# Your goal
Would you write out the lines below exactly, from the one containing "Lockheed Martin C-130J Hercules aircraft" to the very last, but without the pictures?

# Collected material
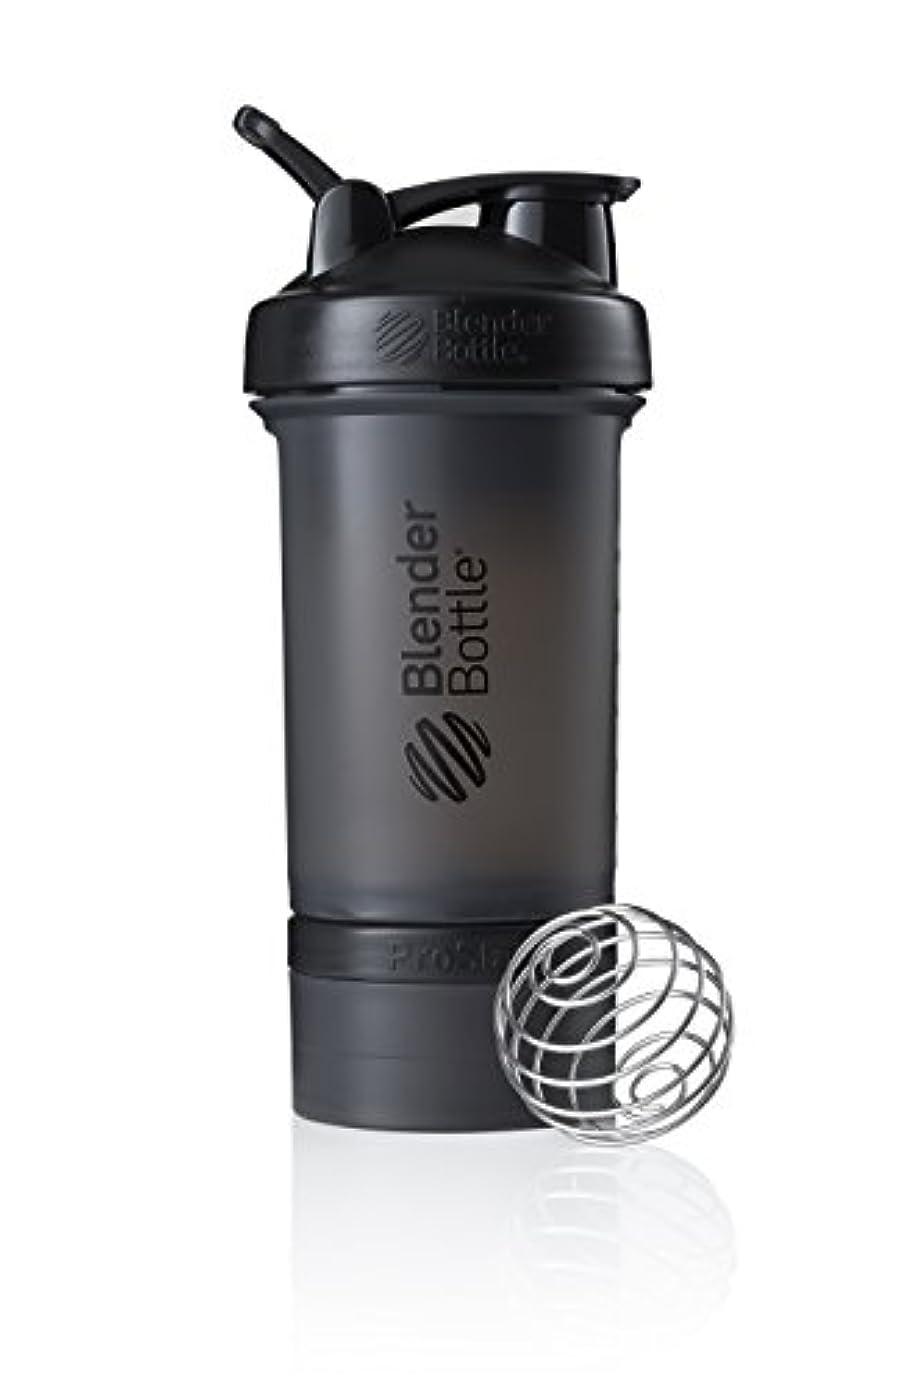 効率的落ちた王室ブレンダーボトル 【日本正規品】 ミキサー シェーカー ボトル Pro Stak 22オンス (650ml) ブラック BBPSE22 FCBK
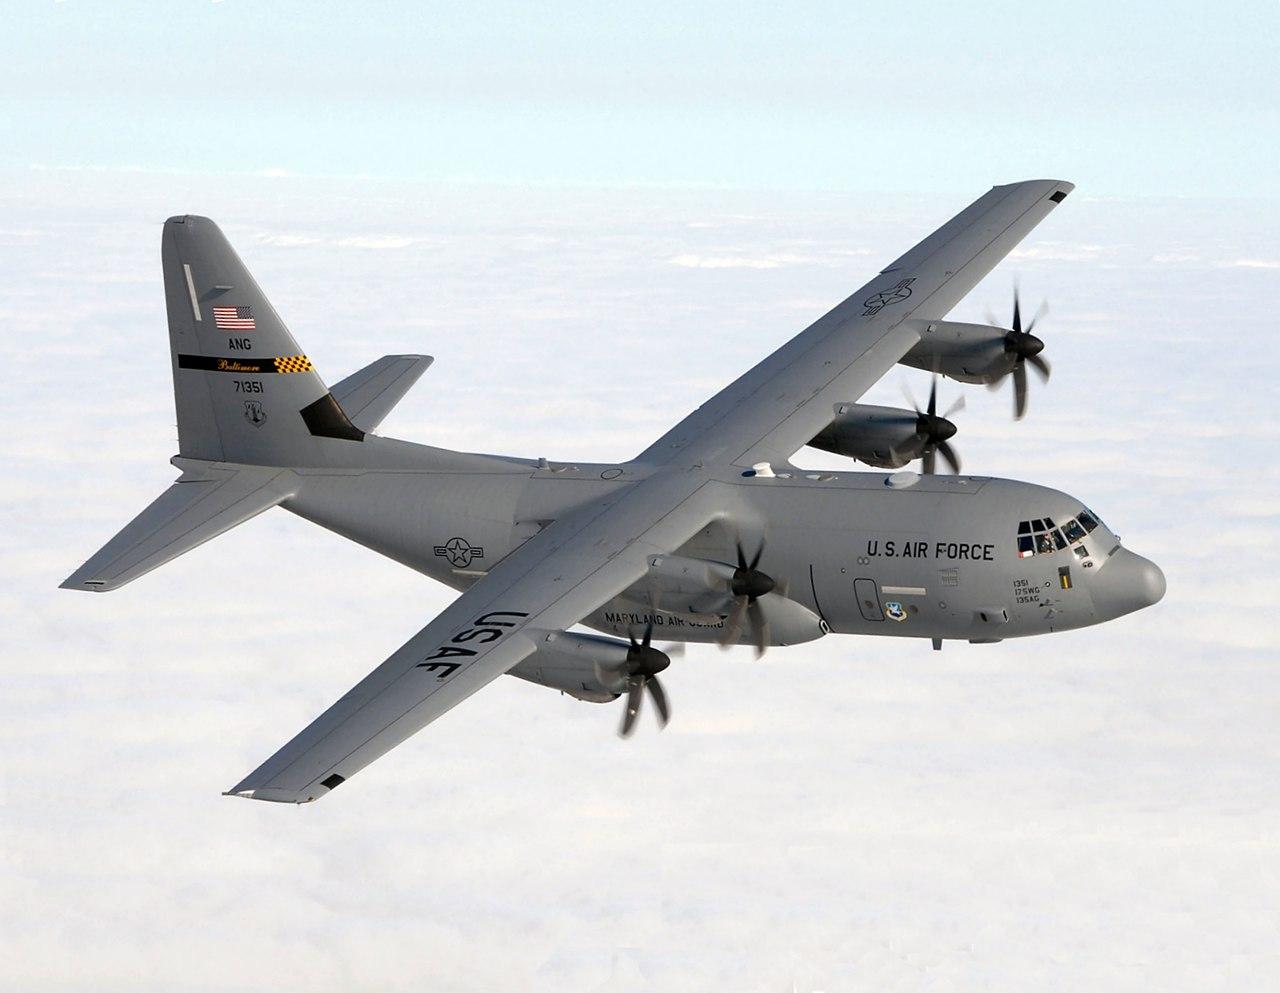 Lockheed Martin C-130J Hercules aircraft
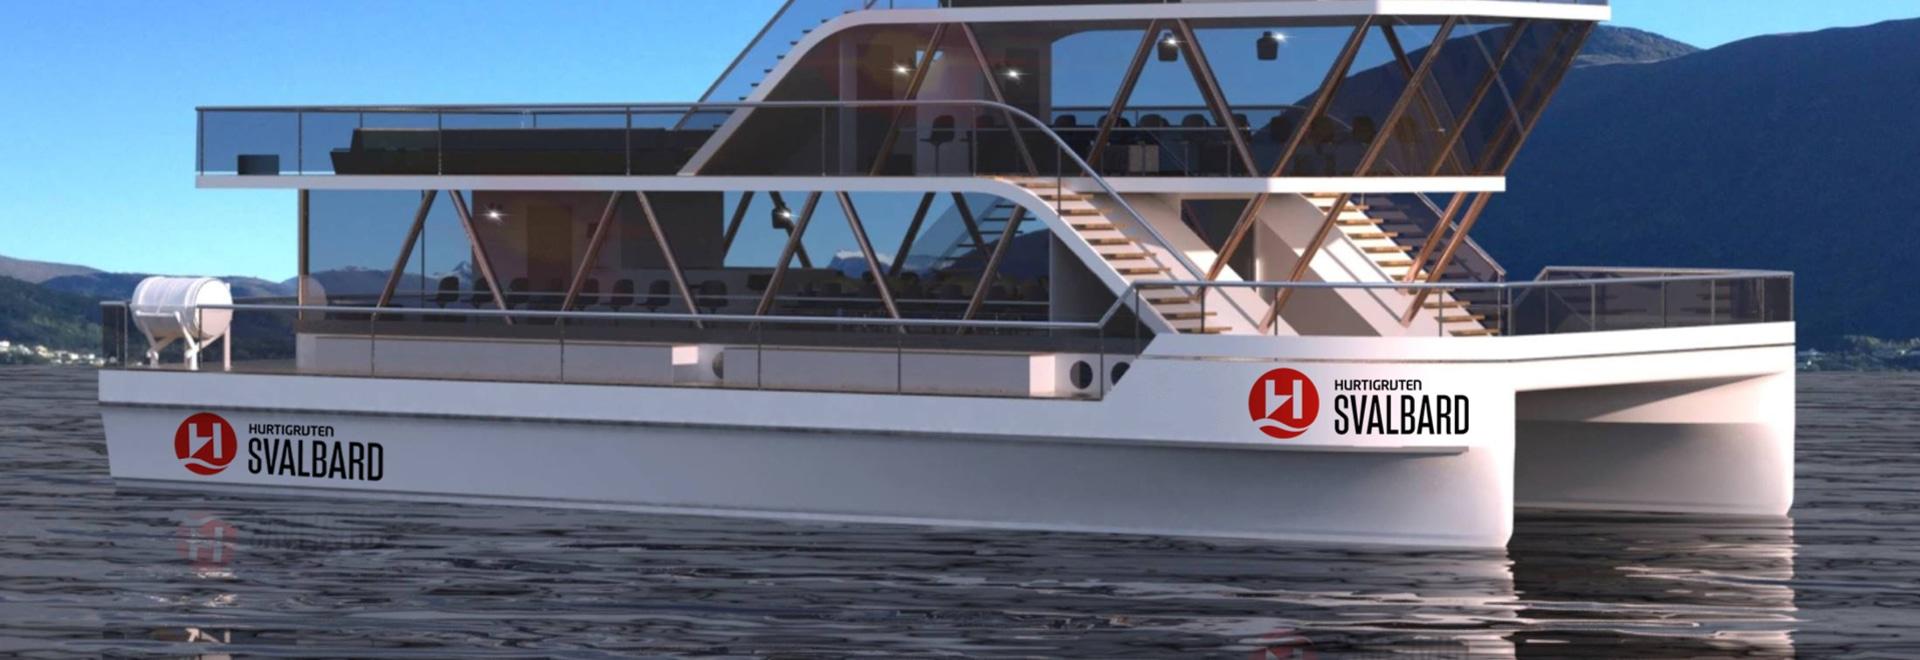 Hurtigruten baut vollelektrische Explorer-Katamarane

# Answer to the exercise
 Lockheed Martin C-130J Hercules aircraft
 Hurtigruten baut vollelektrische Explorer-Katamarane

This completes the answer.